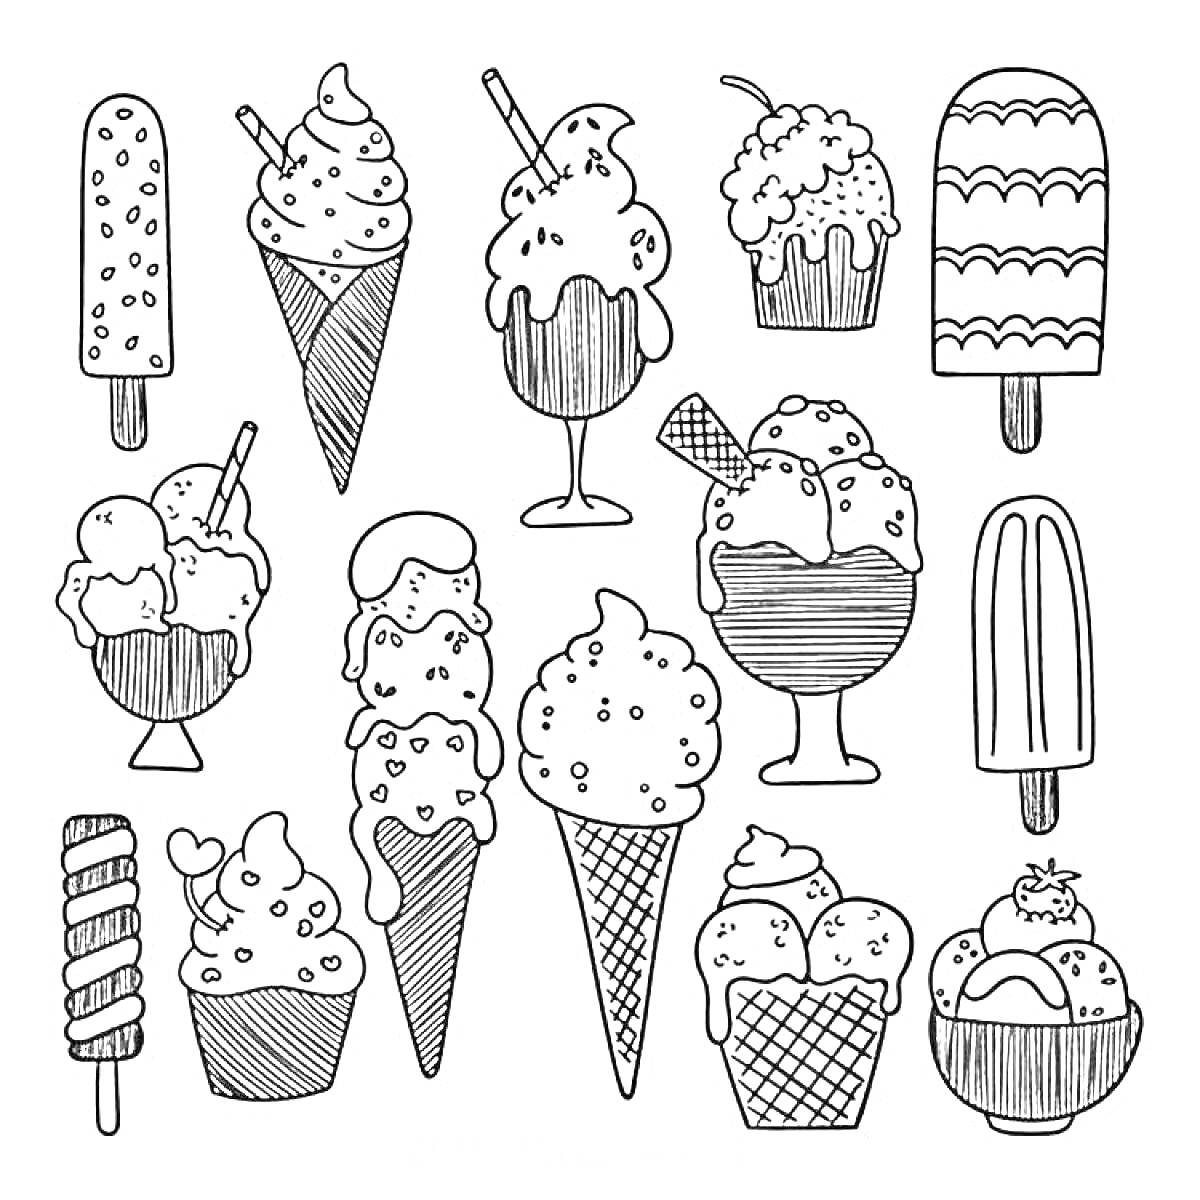 Раскраска Набор стикеров с различными видами мороженого (эскимо, рожок, фруктовый лед, мороженое в стакане, мороженое с вафлей)
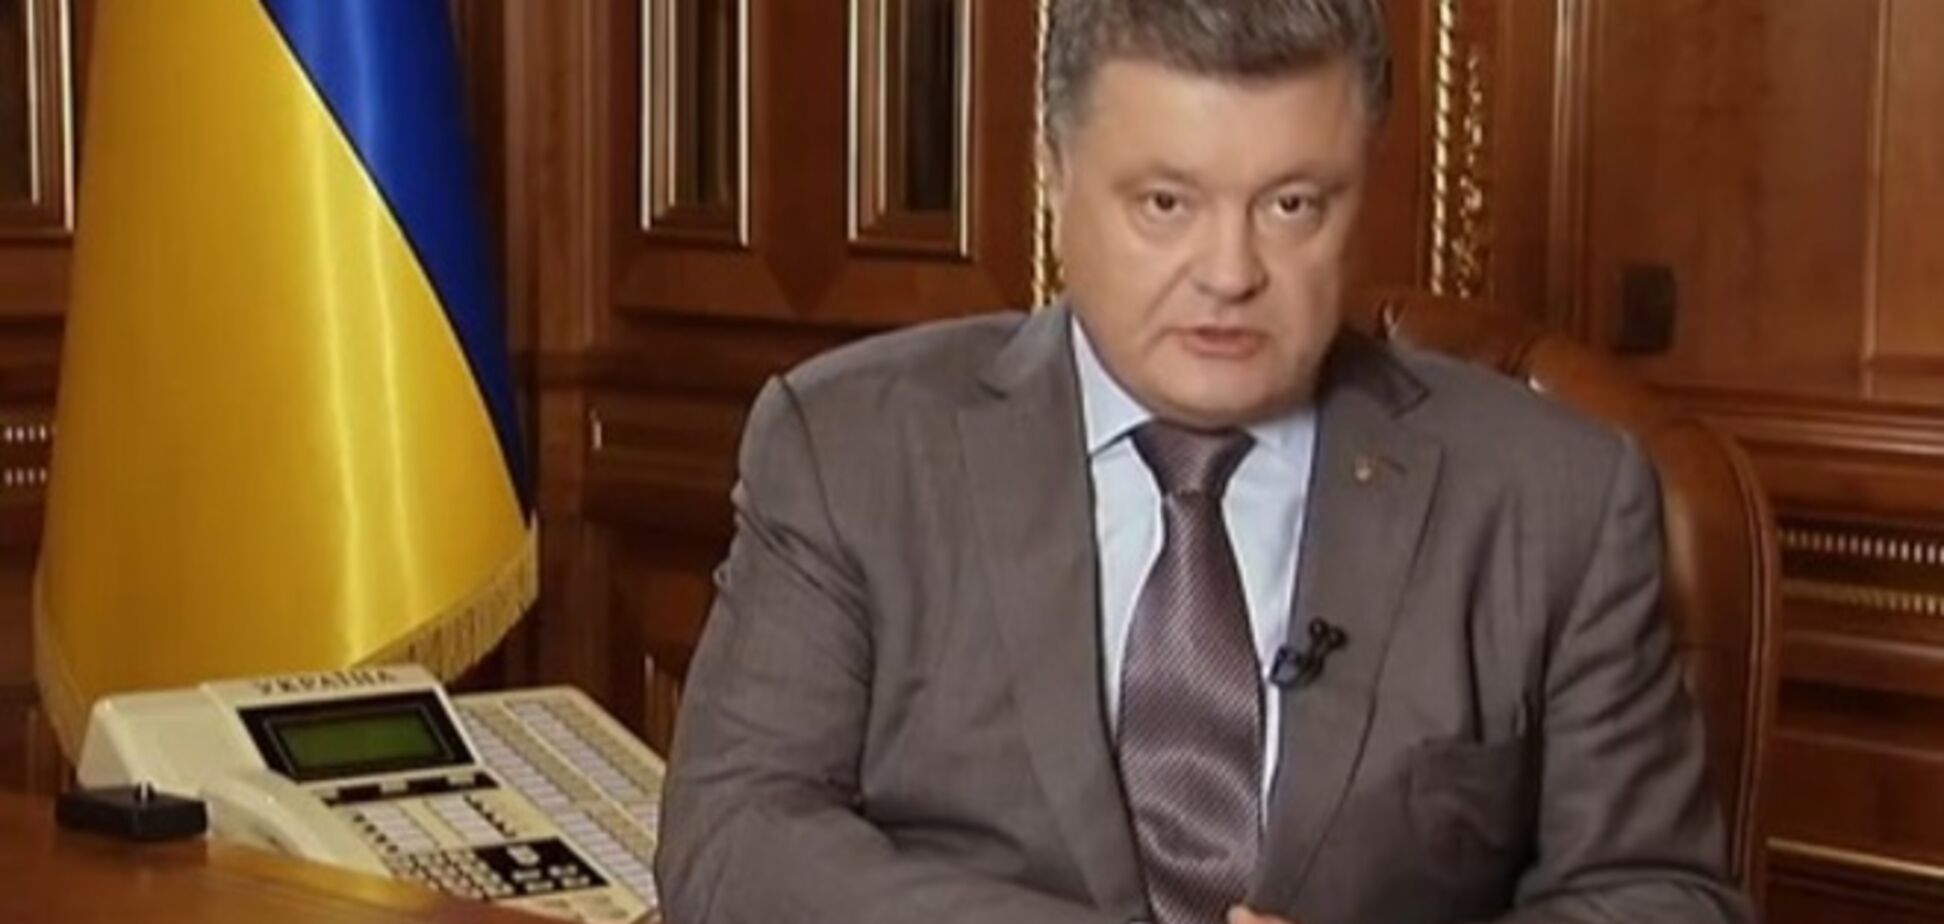 Порошенко призвал депутатов проголосовать за законы Яценюка
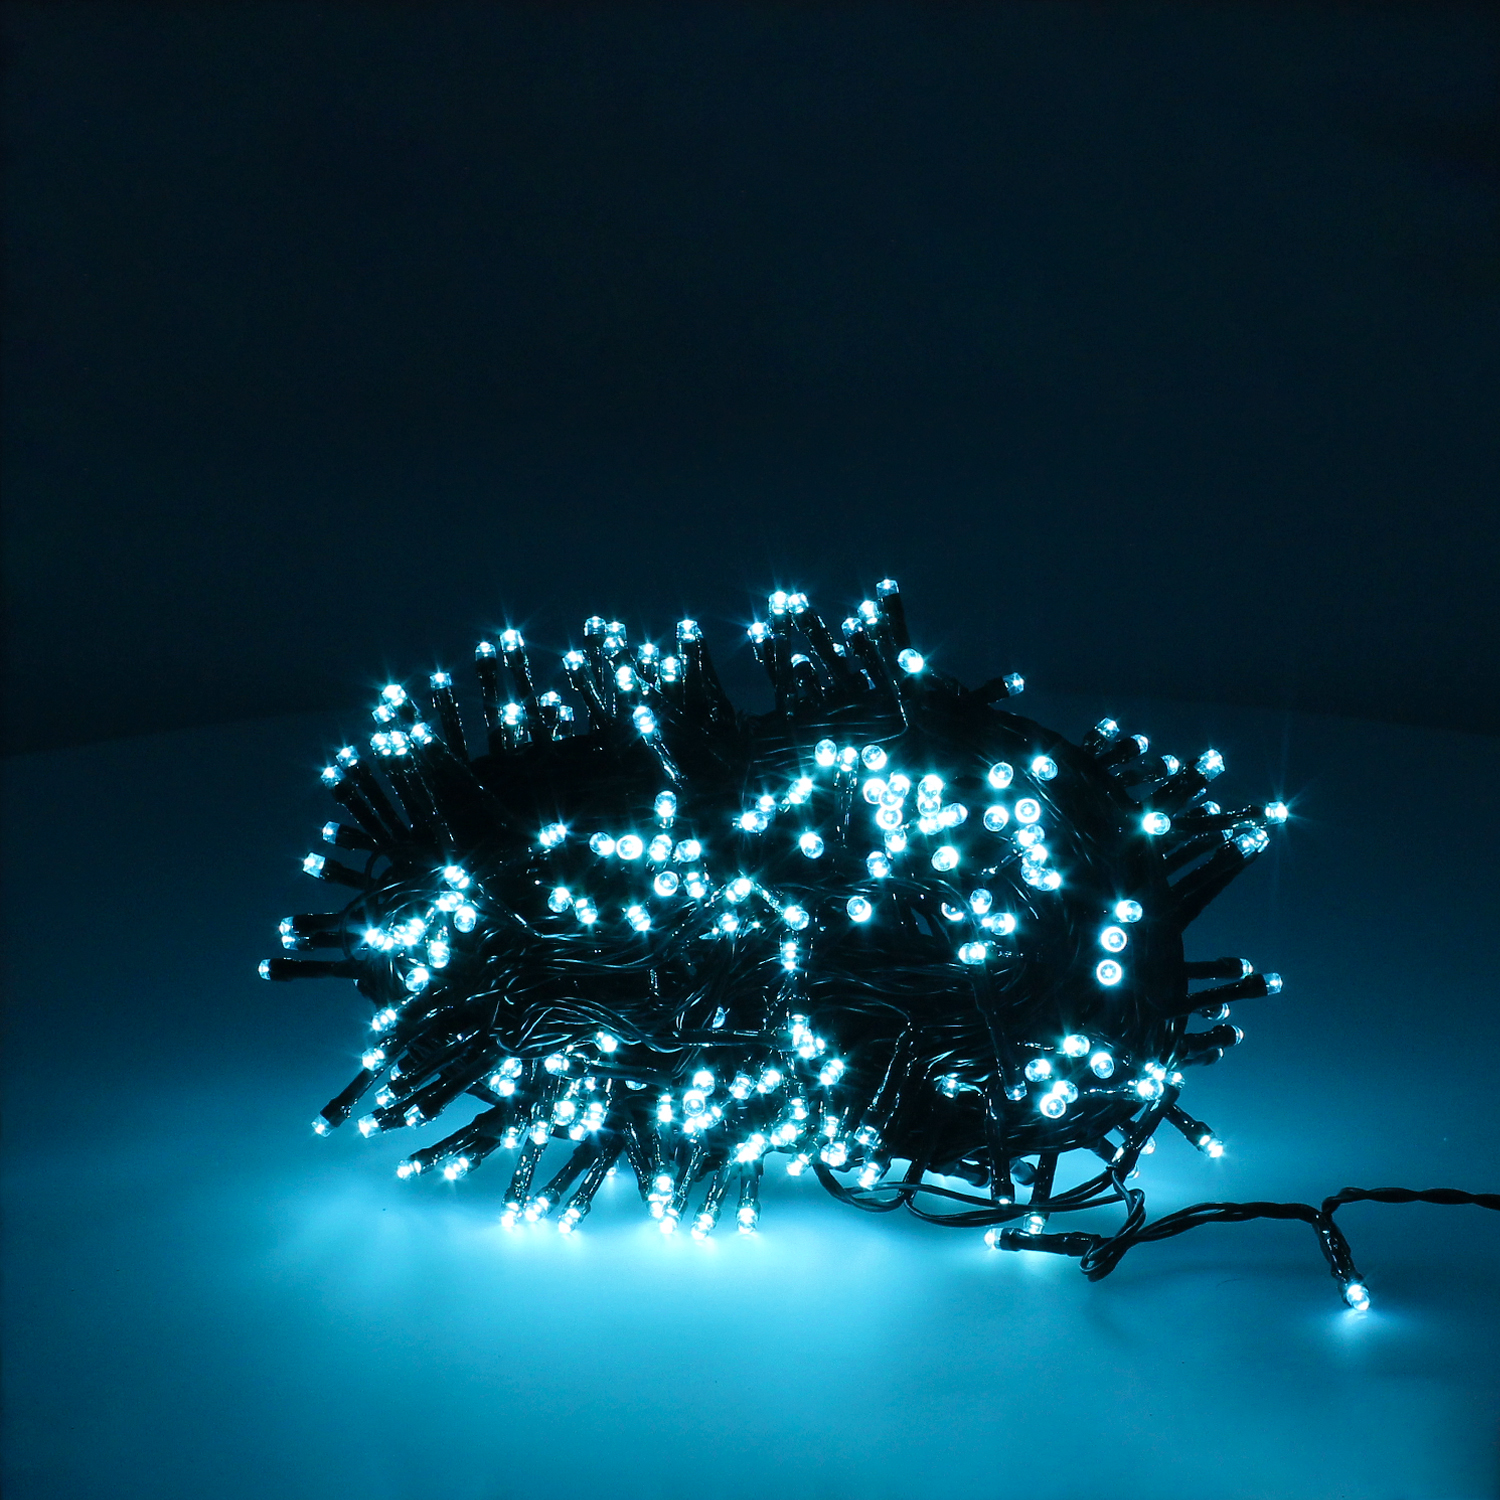 Luz Navidad Led Blanco Calido: 300 luces, 18m, perfectas para árboles de 150/180 cm. Potencia tu decoración con un resplandor acogedor. ¡Ilumina tu navidad!
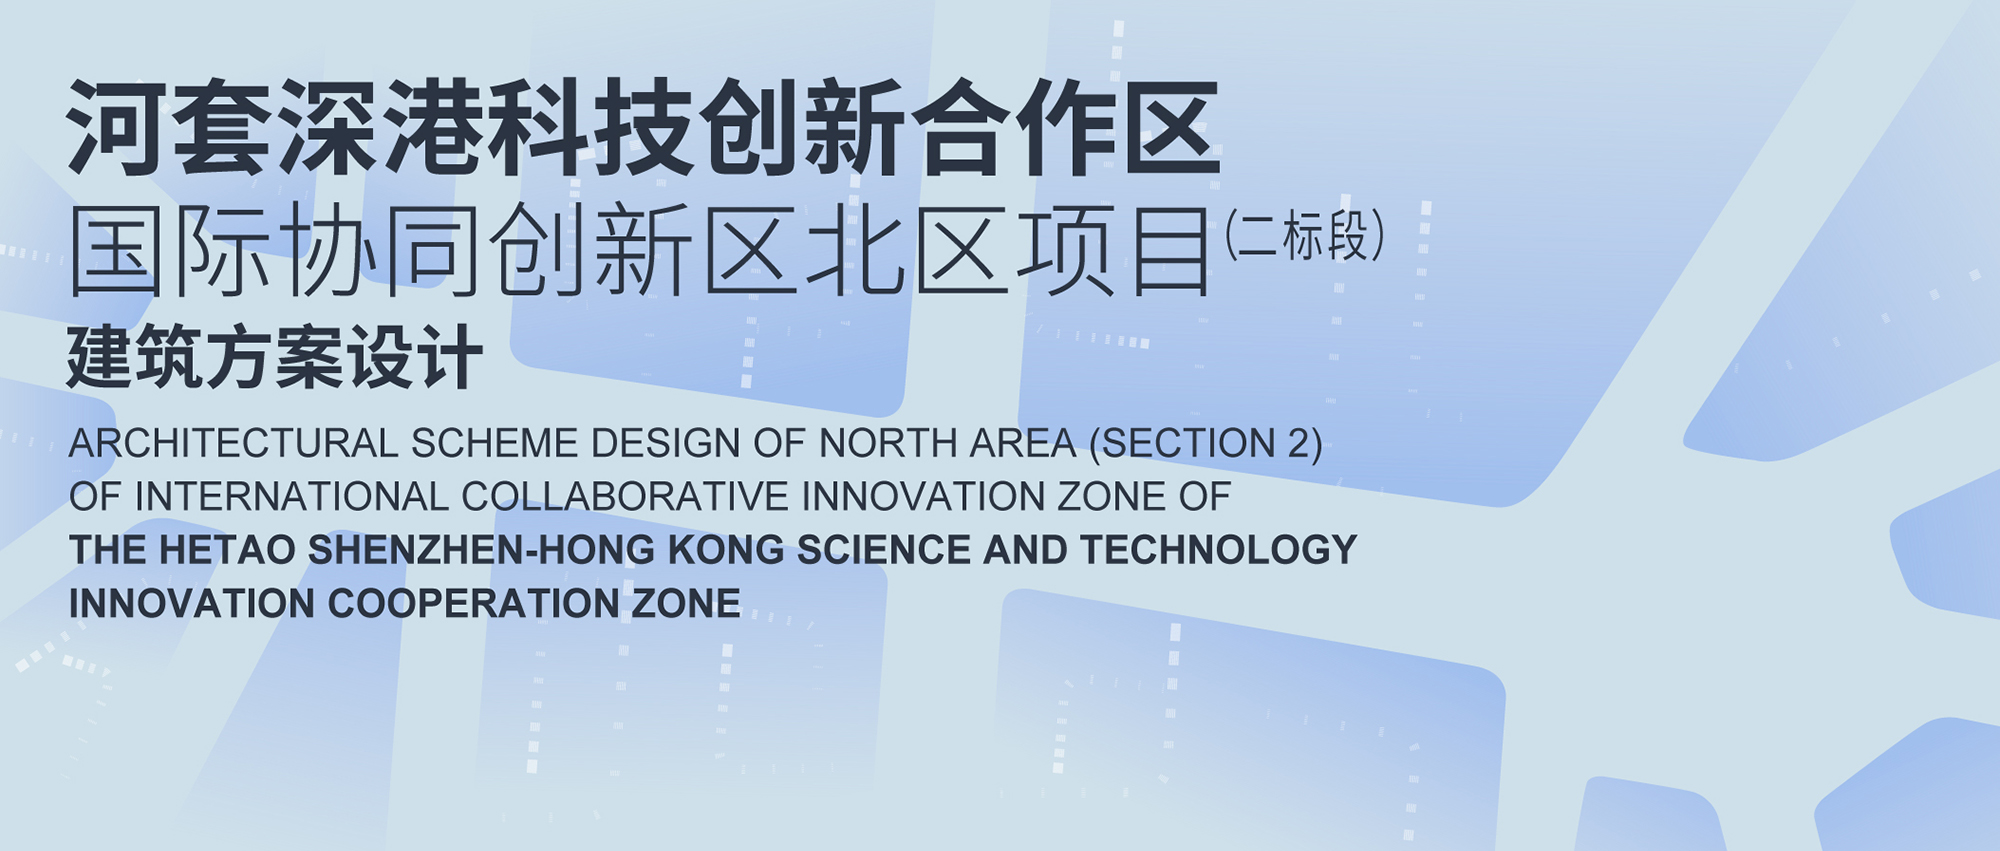 招标公告 | 河套深港科技创新合作区国际协同创新区北区项目（二标段）建筑方案设计-CNYISAI艺赛

AIM OF THE EXERCISE:
Print the material verbatim; drop the pictures.

RESULT FOR THIS TASK:
 Раскраска Набор стикеров с различными видами мороженого (эскимо, рожок, фруктовый лед, мороженое в стакане, мороженое с вафлей)
 Порошенко призвал депутатов проголосовать за законы Яценюка
 Luz Navidad Led Blanco Calido: 300 luces, 18m, perfectas para árboles de 150/180 cm. Potencia tu decoración con un resplandor acogedor. ¡Ilumina tu navidad!
 招标公告 | 河套深港科技创新合作区国际协同创新区北区项目（二标段）建筑方案设计-CNYISAI艺赛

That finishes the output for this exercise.